In the domain of small target detection for Unmanned Aerial Vehicle, deep learning-based object detection algorithms are broadly categorized into single-stage and two-stage methods. Single-stage algorithms, like the YOLO series, SSD series, RetinaNet, FCOS, and DETR, perform object localization and classification simultaneously, offering high speed and real-time capabilities, which are ideal for resource-constrained Unmanned Aerial Vehicle platforms. However, these methods generally suffer from lower accuracy. Two-stage algorithms, such as Faster R-CNN, Mask R-CNN, and Cascade R-CNN, first generate region proposals and then refine localization and classification, achieving higher accuracy, especially for small targets. Nonetheless, their computational complexity makes them unsuitable for real-time Unmanned Aerial Vehicle applications, and the region proposal mechanism may lead to missed detections of small objects. Overall, single-stage algorithms demonstrate superior advantages in Unmanned Aerial Vehicle small target detection due to their speed and adaptability.

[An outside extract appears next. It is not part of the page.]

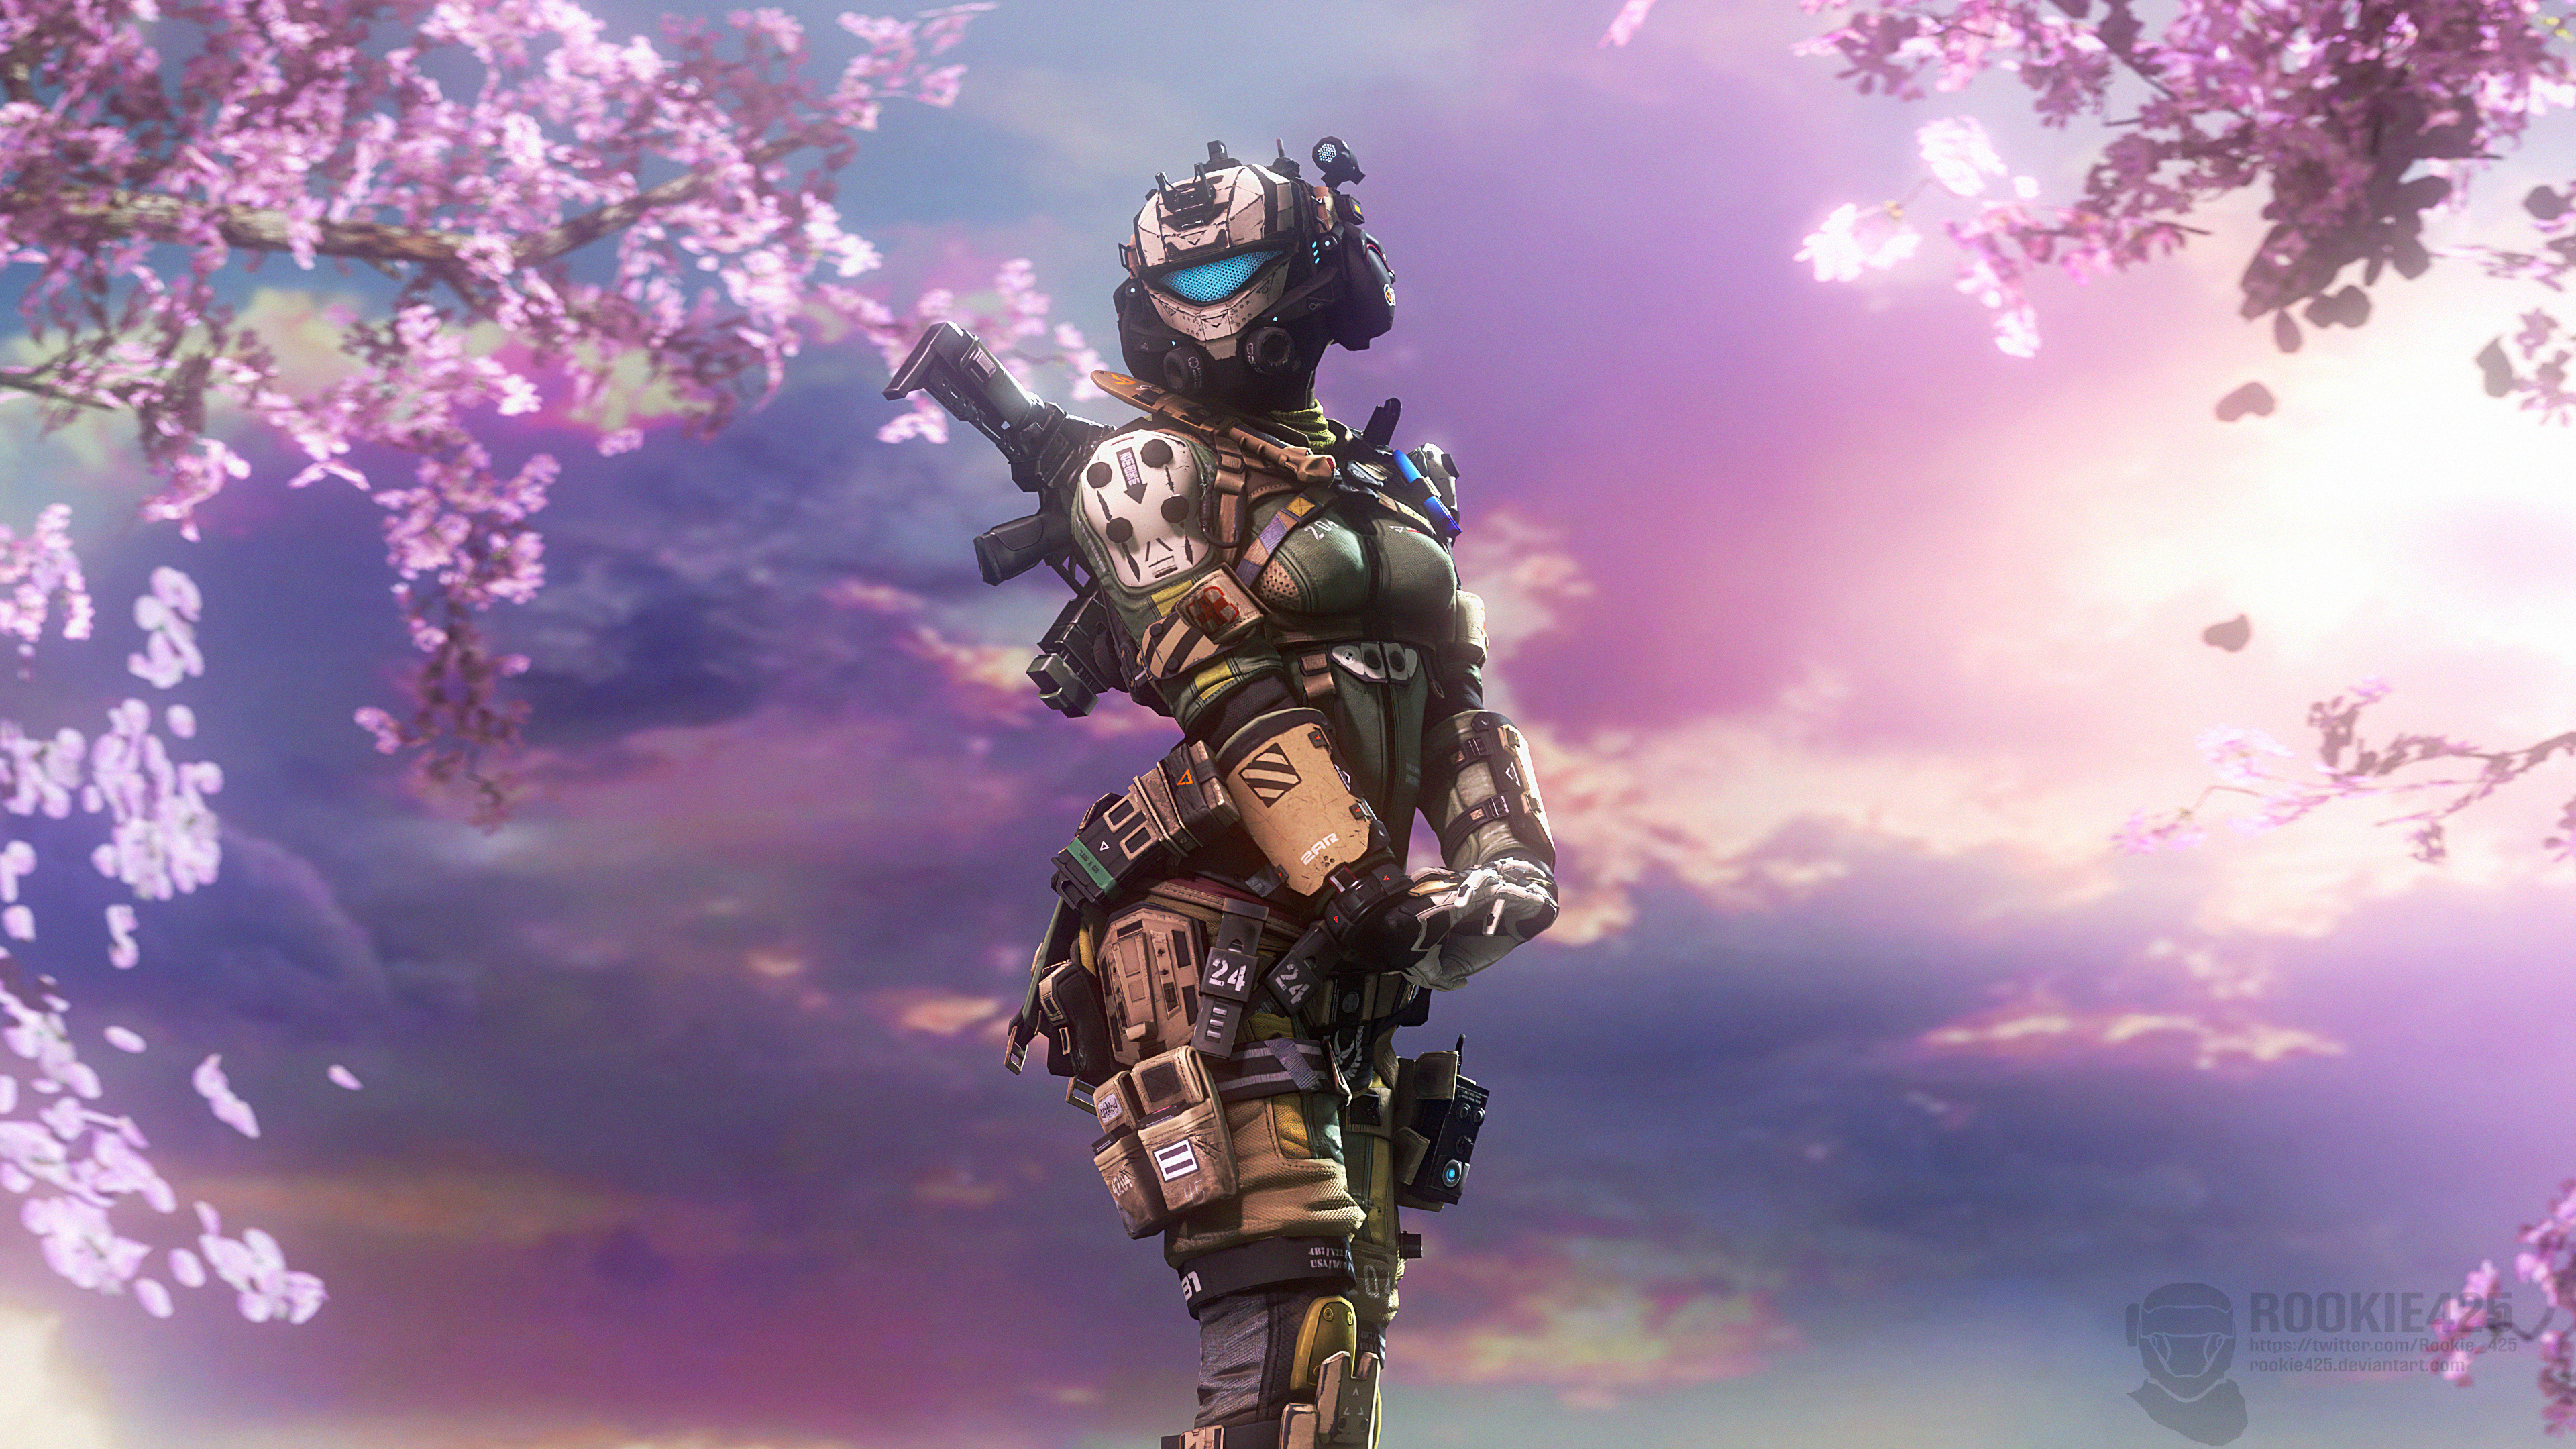 Become One Titanfall 2 4K Ultra HD Mobile Wallpaper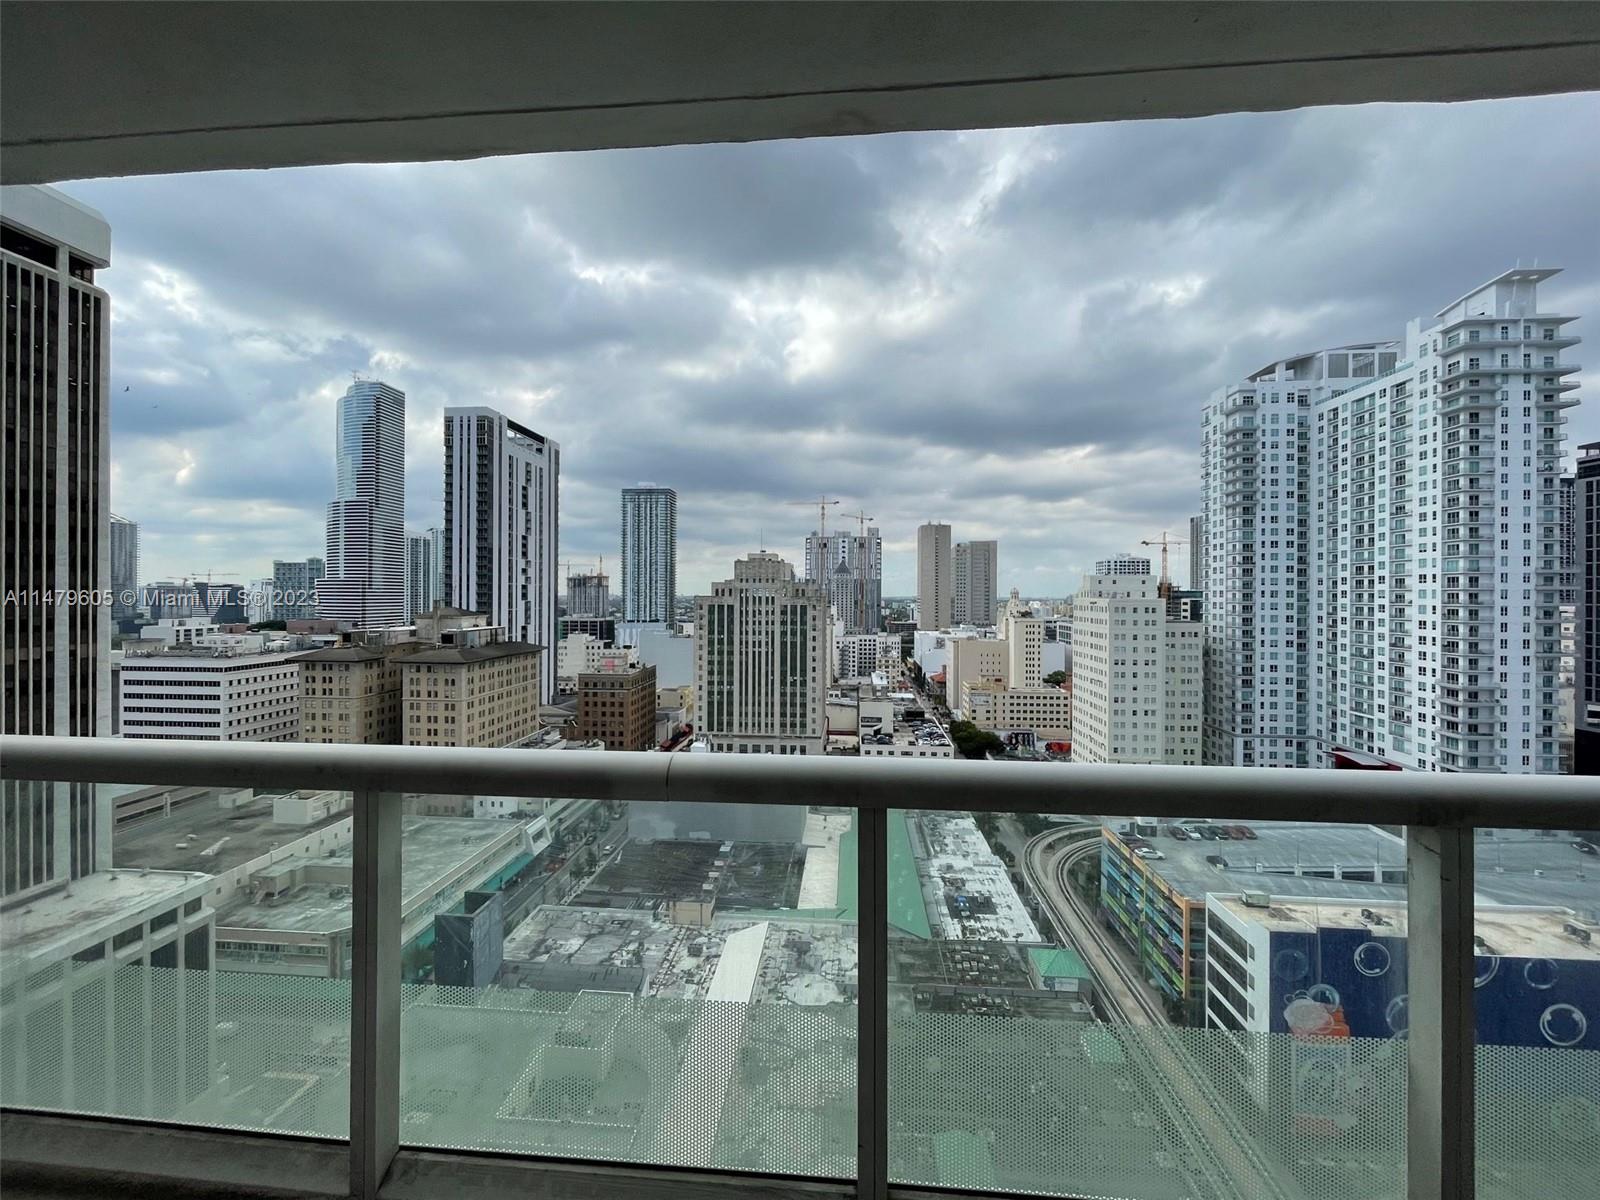 Very Spacious 1 bedroom + den apartment with city views in Downtown Miami. Washer & Dryer in unit. Building amenities includes large fitness center and oversized pool deck, among others. Very centrally located for a real urban life experience.

Recent research has made progress in addressing these challenges. For instance, some studies have introduced Transformer-based detection heads with higher-order spatial feature extraction to capture more discriminative spatial relationships for small targets. Others have developed novel feature fusion networks to preserve fine-grained details from lower-level feature maps, improving small target detection. Additionally, lightweight backbone networks have been designed to reduce computational overhead while maintaining accuracy. Despite these improvements, issues such as high parameter counts and computational complexity persist, limiting deployment on Unmanned Aerial Vehicle platforms. To overcome these limitations, we propose an enhanced YOLOv11n algorithm that incorporates multiscale feature fusion techniques. Specifically, we replace the original C3k2 module with a Mixed Aggregation Network (MANet), design a Shared Feature Pyramid Convolution (SFPC) module to substitute the SPPF layer, and integrate a weighted Bidirectional Feature Pyramid Network (BiFPN) for better feature integration. These modifications aim to boost detection accuracy while keeping the model lightweight for Unmanned Aerial Vehicle applications.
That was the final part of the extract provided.